== WHAT TO PRODUCE ==
The reply should hold every line of the data below, unchanged, and none of the pictures.

[Stored data entries]

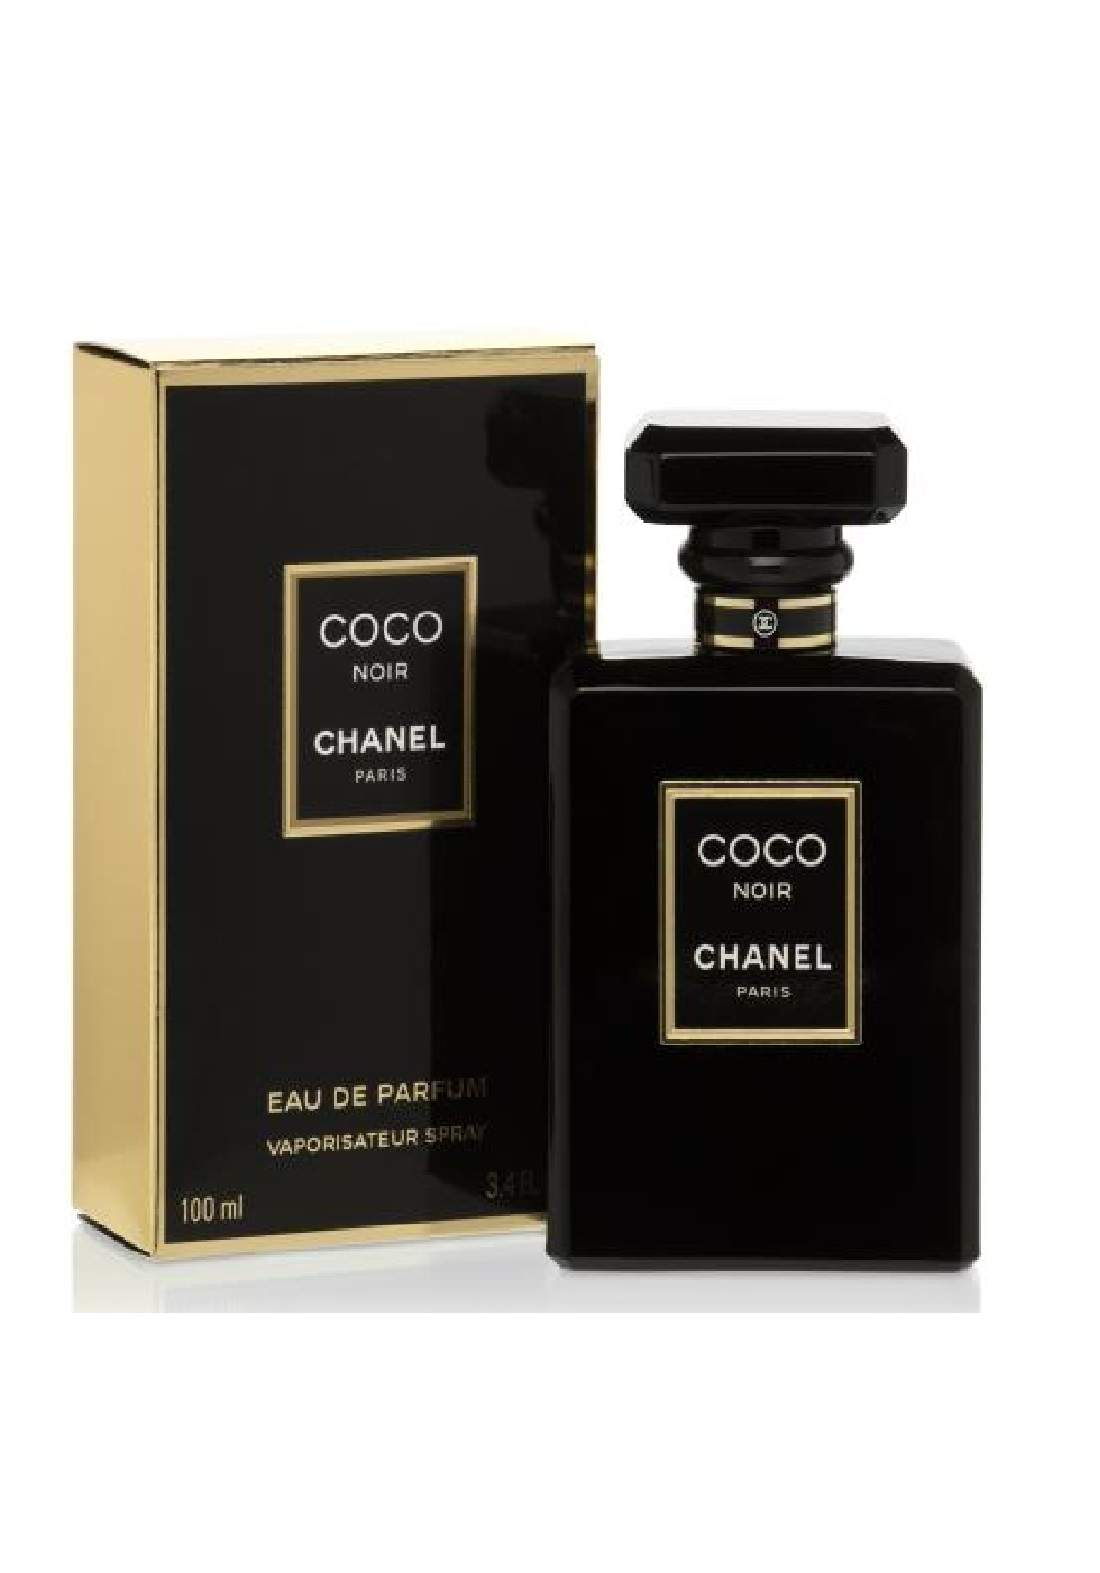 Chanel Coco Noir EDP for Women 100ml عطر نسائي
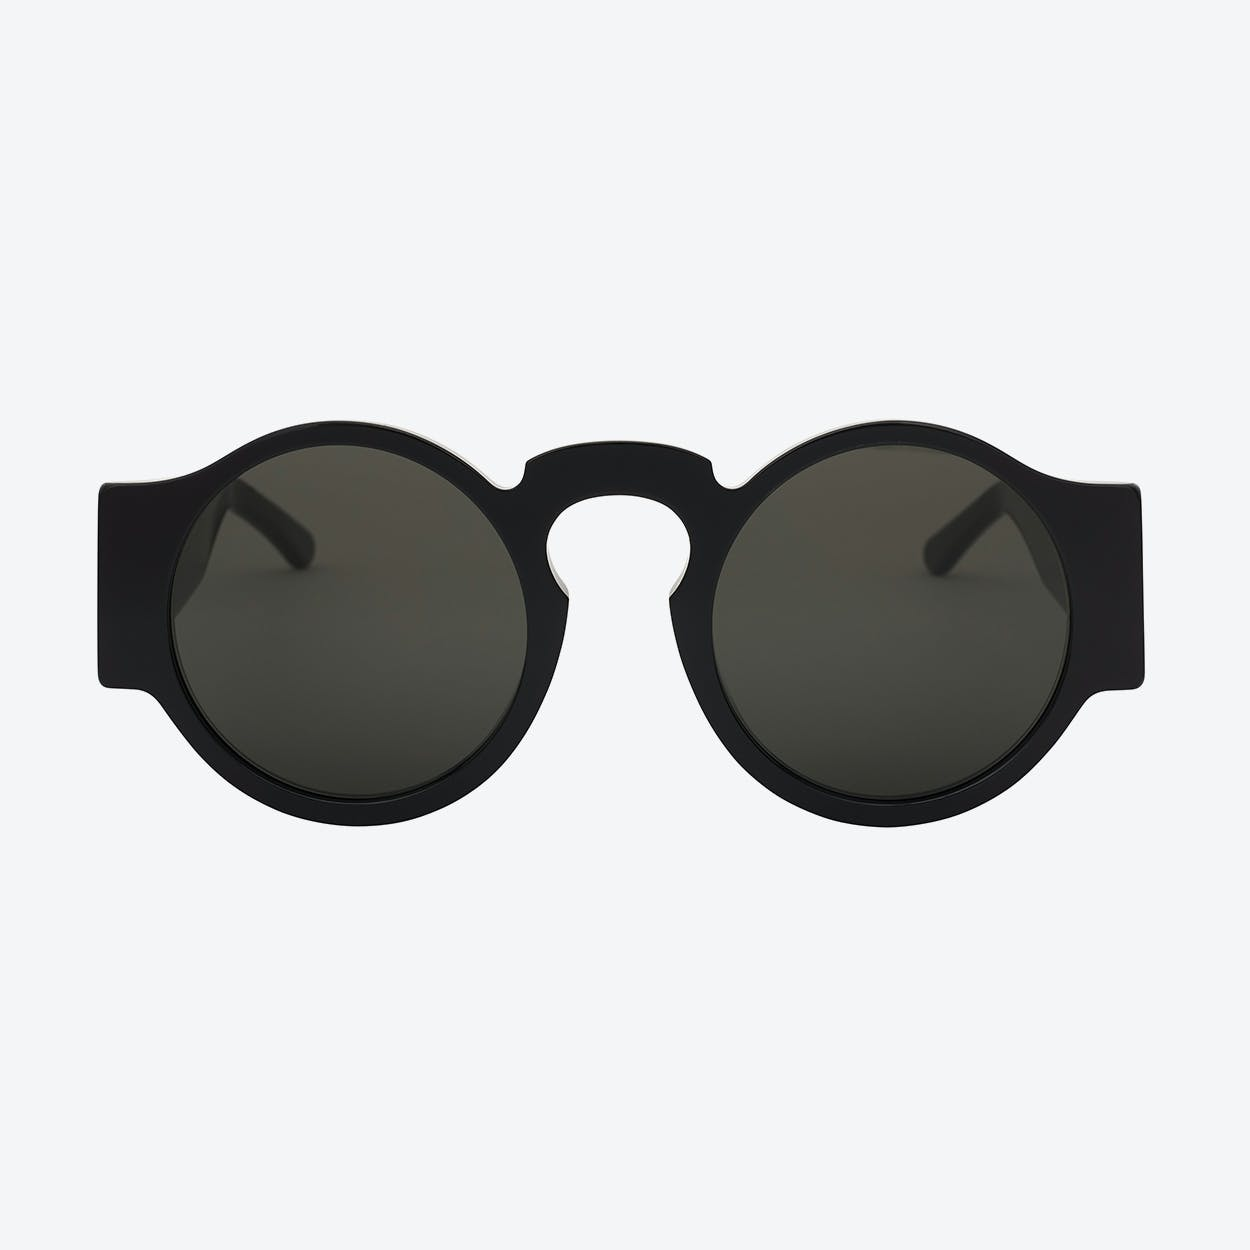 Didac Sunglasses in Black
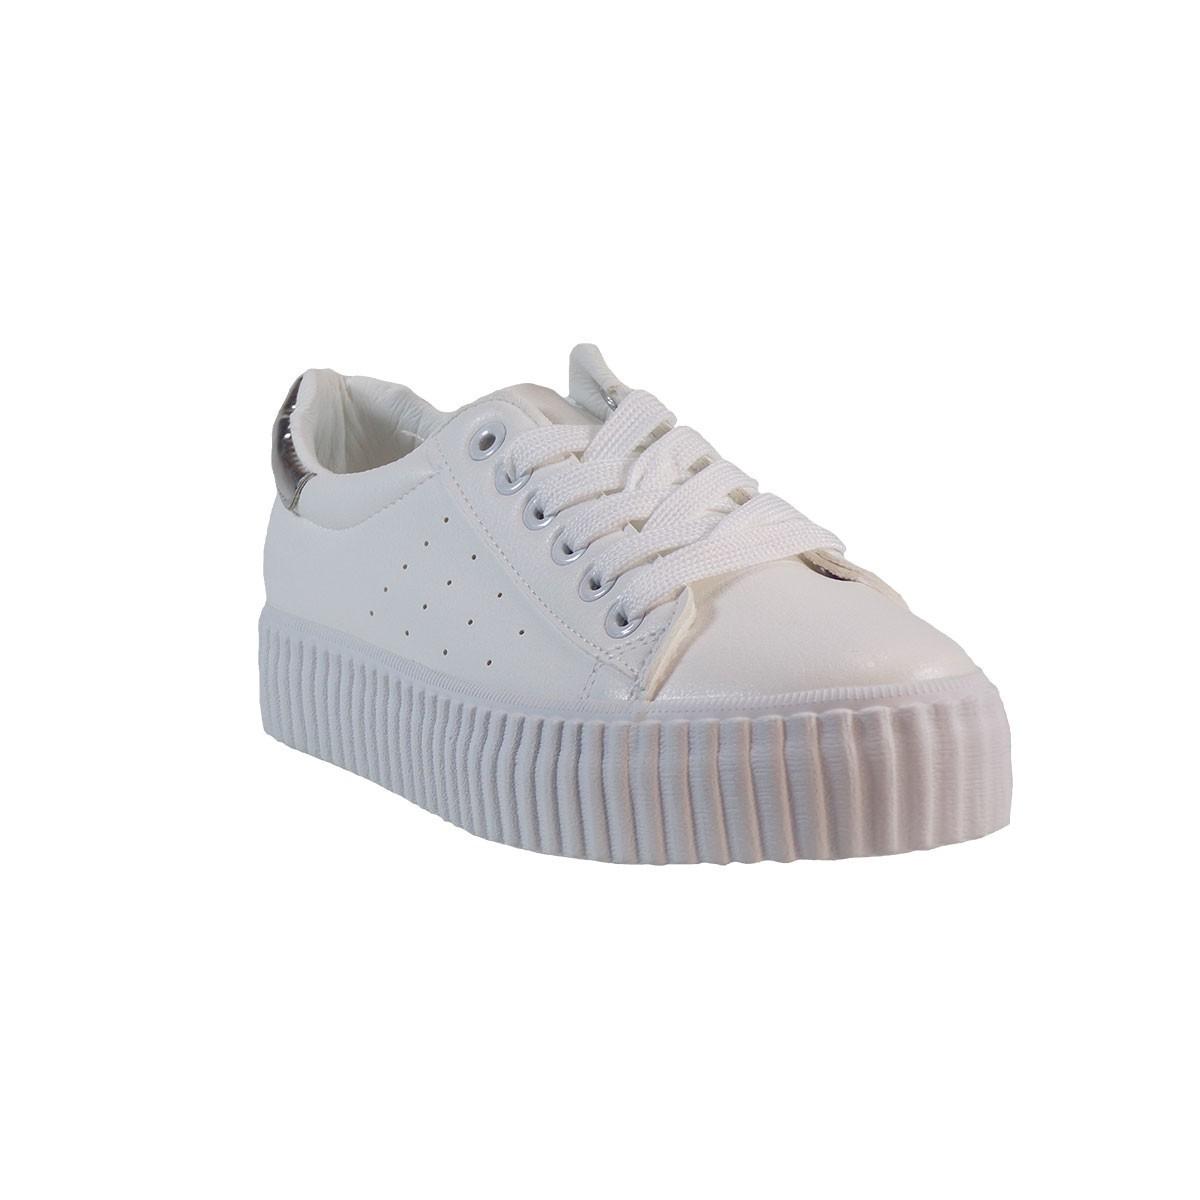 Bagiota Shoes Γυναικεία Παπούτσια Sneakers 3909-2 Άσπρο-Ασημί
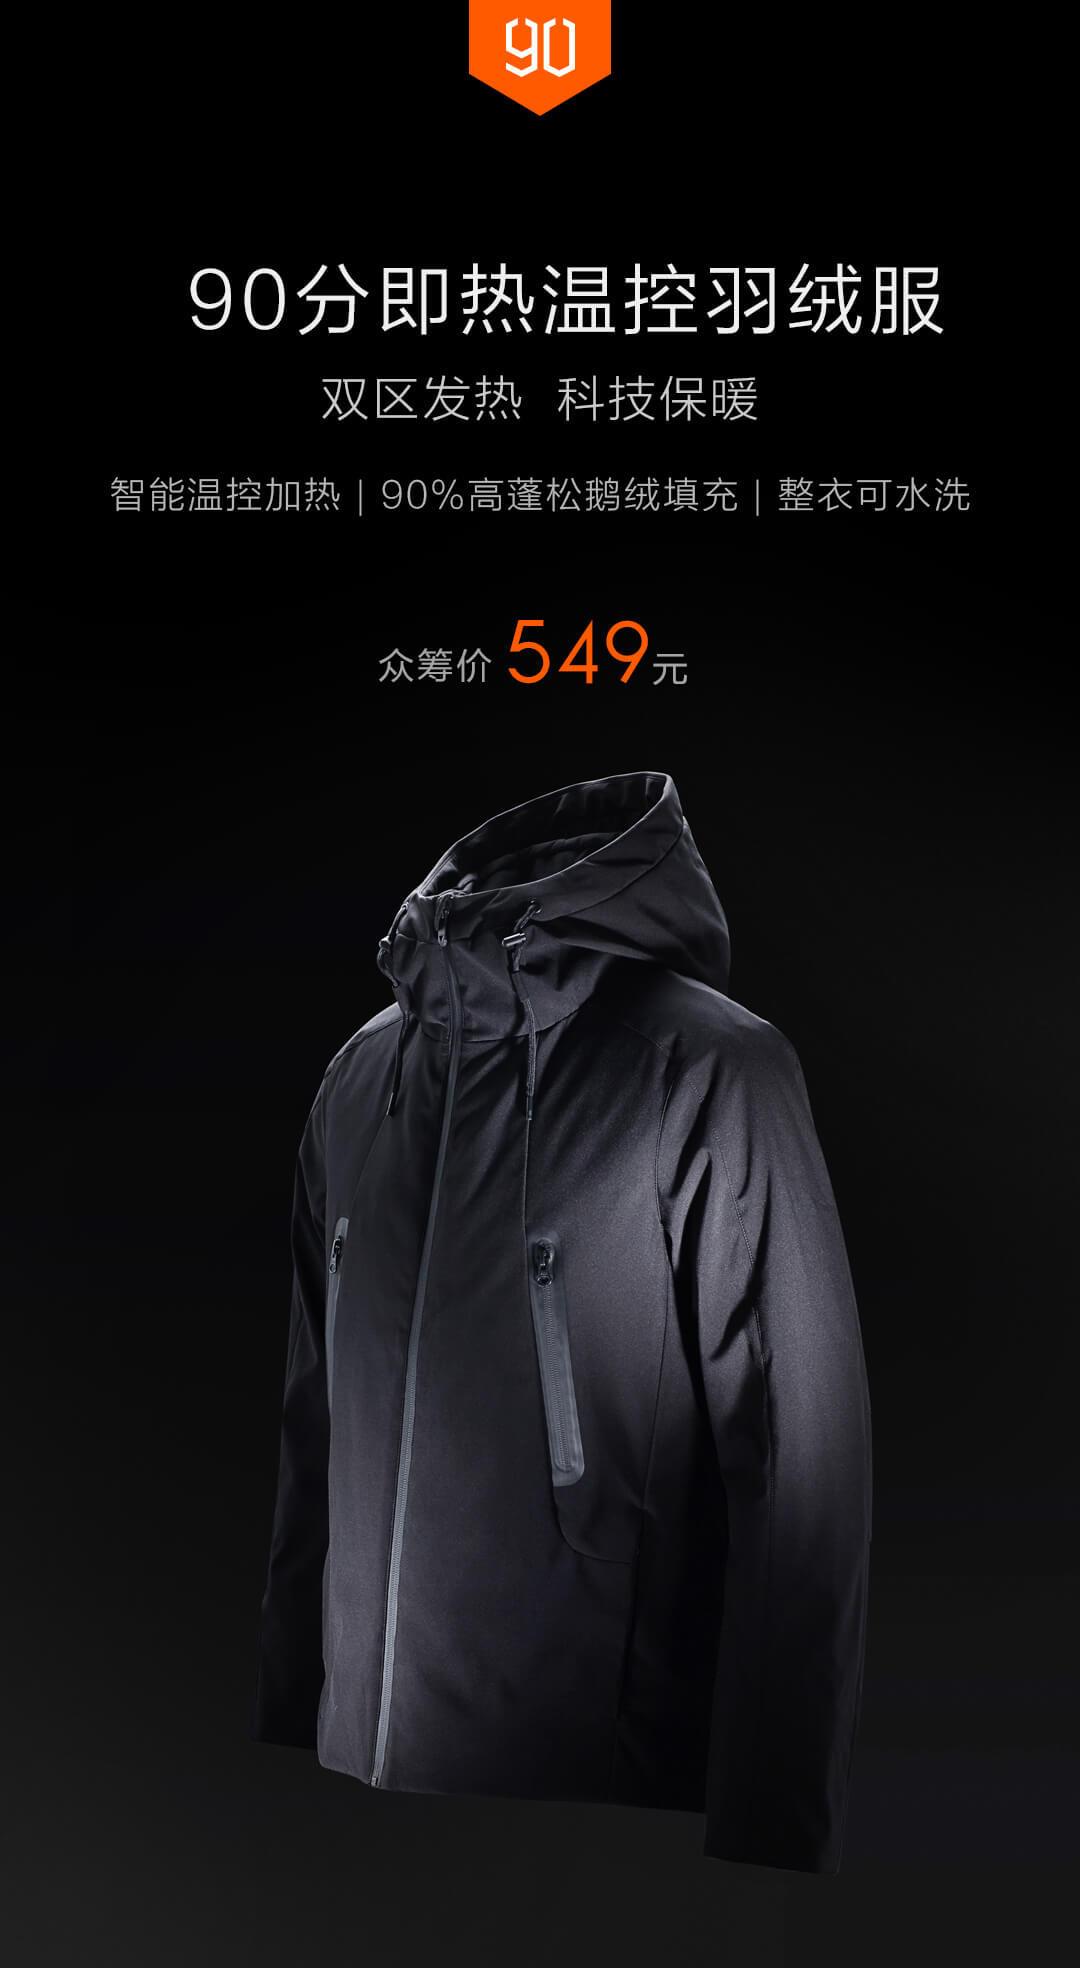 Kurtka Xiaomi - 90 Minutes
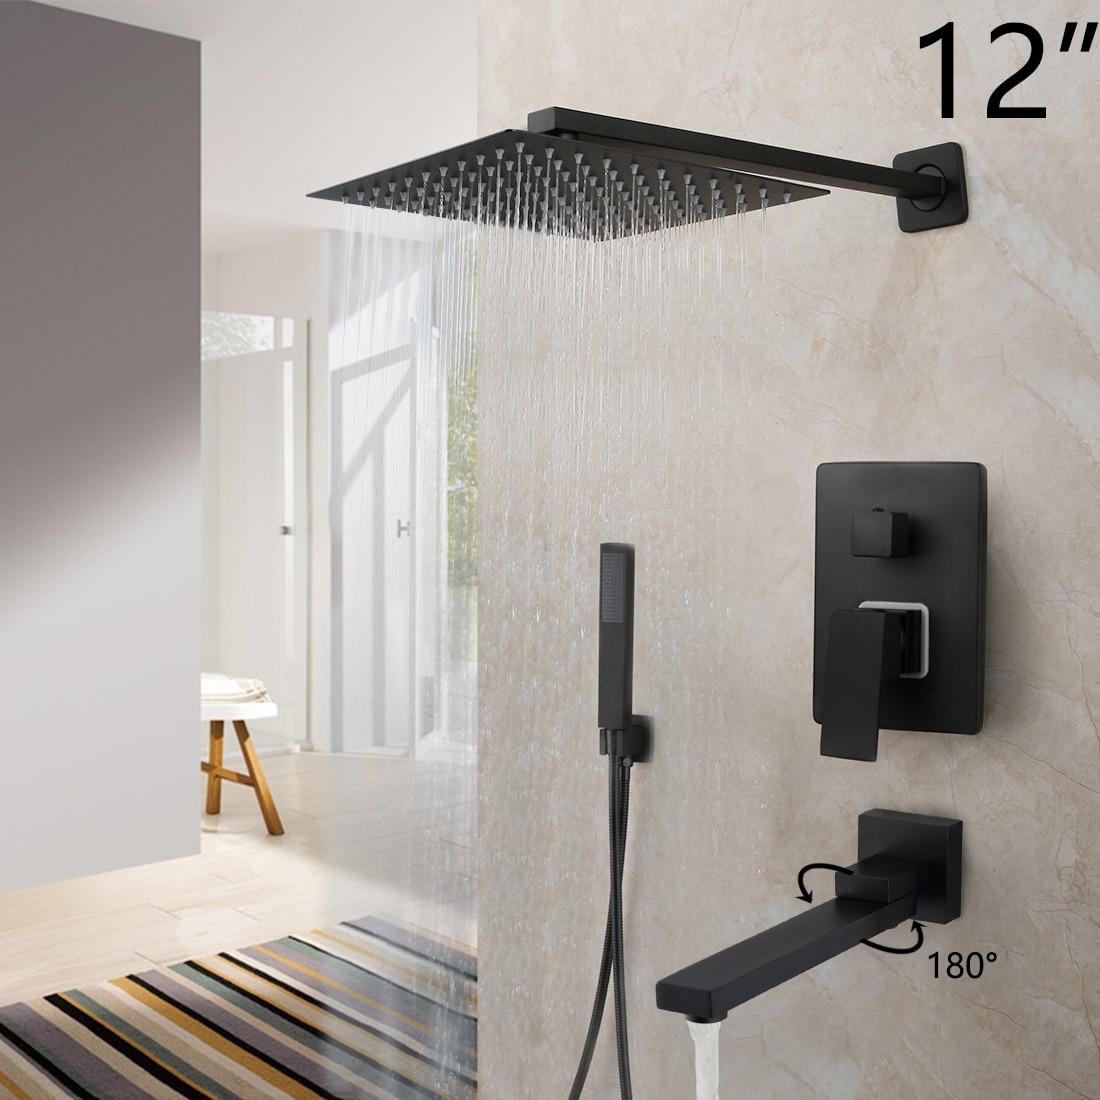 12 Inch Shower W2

== WRITTEN ANSWER ==
 Chanel Coco Noir EDP for Women 100ml عطر نسائي
 Didac Sunglasses in Black
 Bagiota Shoes Γυναικεία Παπούτσια Sneakers 3909-2 Άσπρο-Ασημί
 Kurtka Xiaomi - 90 Minutes
 12 Inch Shower W2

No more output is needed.